What this exact clip is really saying

This FormBlends review is specific to "@its.jessica.rose's hormone therapy claims, fact-checked" from Jessica Rose RN. We read the clip as a TRT social video fact-checks claim about Testosterone, then separate the useful signal from what a short social video cannot prove. The page-specific claim focus is: Jessica, 44, is using oral estrogen and progesterone prescribed by her OB-GYN for perimenopausal symptoms including night sweats, sleep disruption, mood instability, and low libido, while also remaining on a long-term antidepressant.

The reason this review is not generic is the source wording and the canonical claim label "trt 4 weeks and the sky feels blue again perimenopause horm." In this clip, the useful excerpt is: "I've been on HRT for four weeks and I wanted to give you guys another update I gave you guys one at two weeks and so I wanted to share with you guys what changes have happened So I'm 44 years old and for the past couple years." That wording changes the review because it points to Testosterone evidence, safety, and patient-fit context, not a one-size-fits-all protocol.

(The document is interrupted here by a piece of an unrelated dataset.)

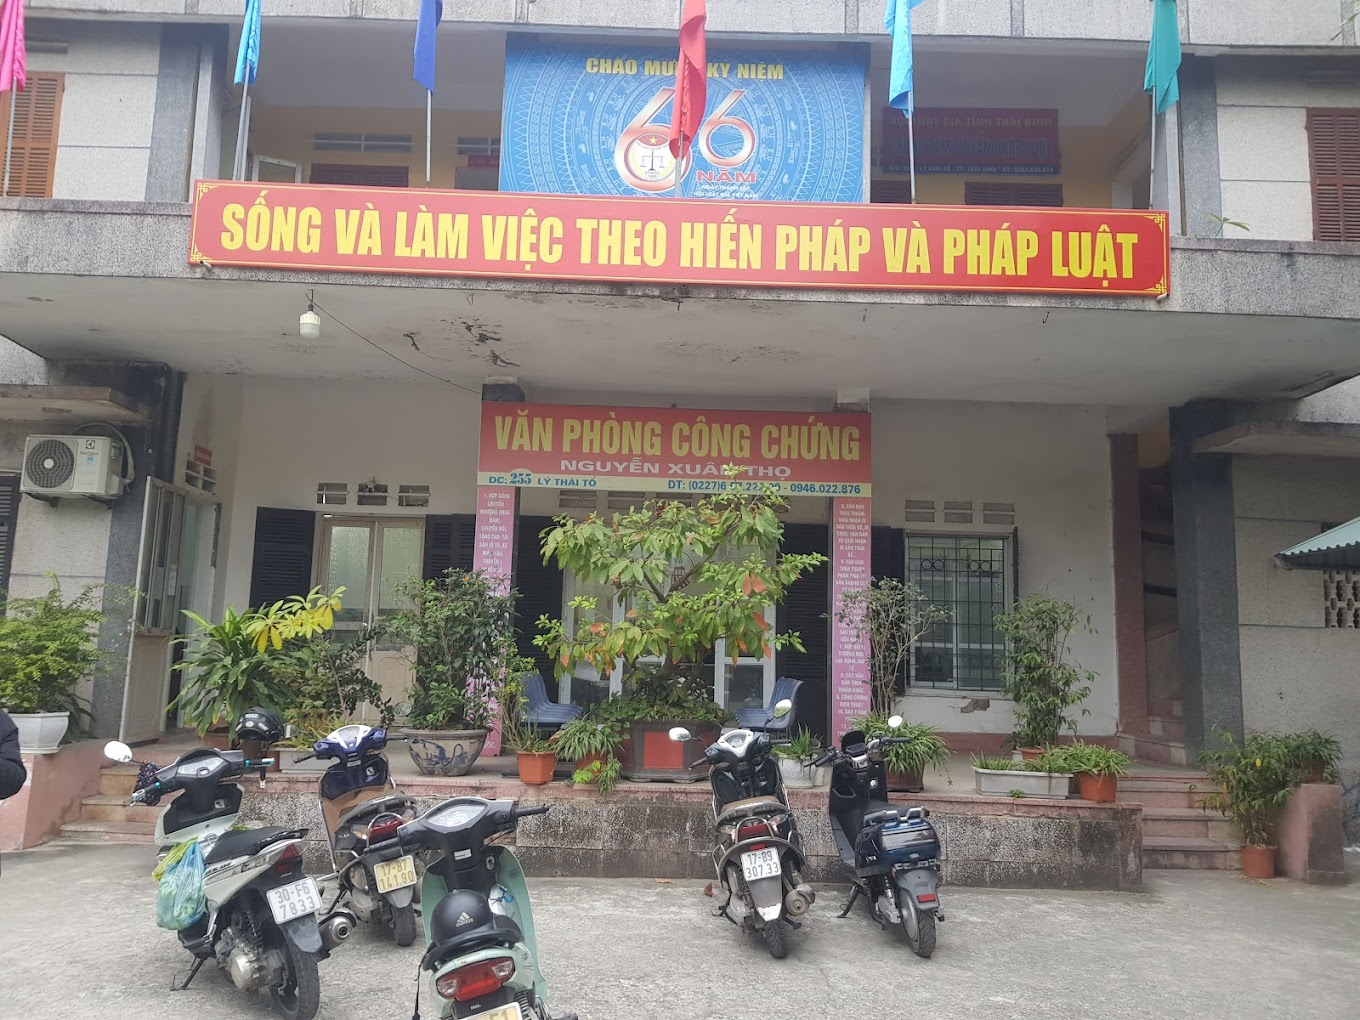 Liên hệ Văn phòng công chứng Nguyễn Xuân Thọ thông tin địa chỉ số điện thoại

The source trail for this page is checked against Cardiovascular Safety of Testosterone-Replacement Therapy (2023), Testosterone therapy in men with androgen deficiency syndromes: an Endocrine Society clinical practice guideline (2010), and Functional testosterone deficiency in aging men: Clinical impact, diagnostic pathways, and treatment strategies (2026), plus the creator's own wording. Testosterone decisions still need an eligibility review, medication-interaction screen, access check, and quality-control review before anyone treats a social clip as medical advice.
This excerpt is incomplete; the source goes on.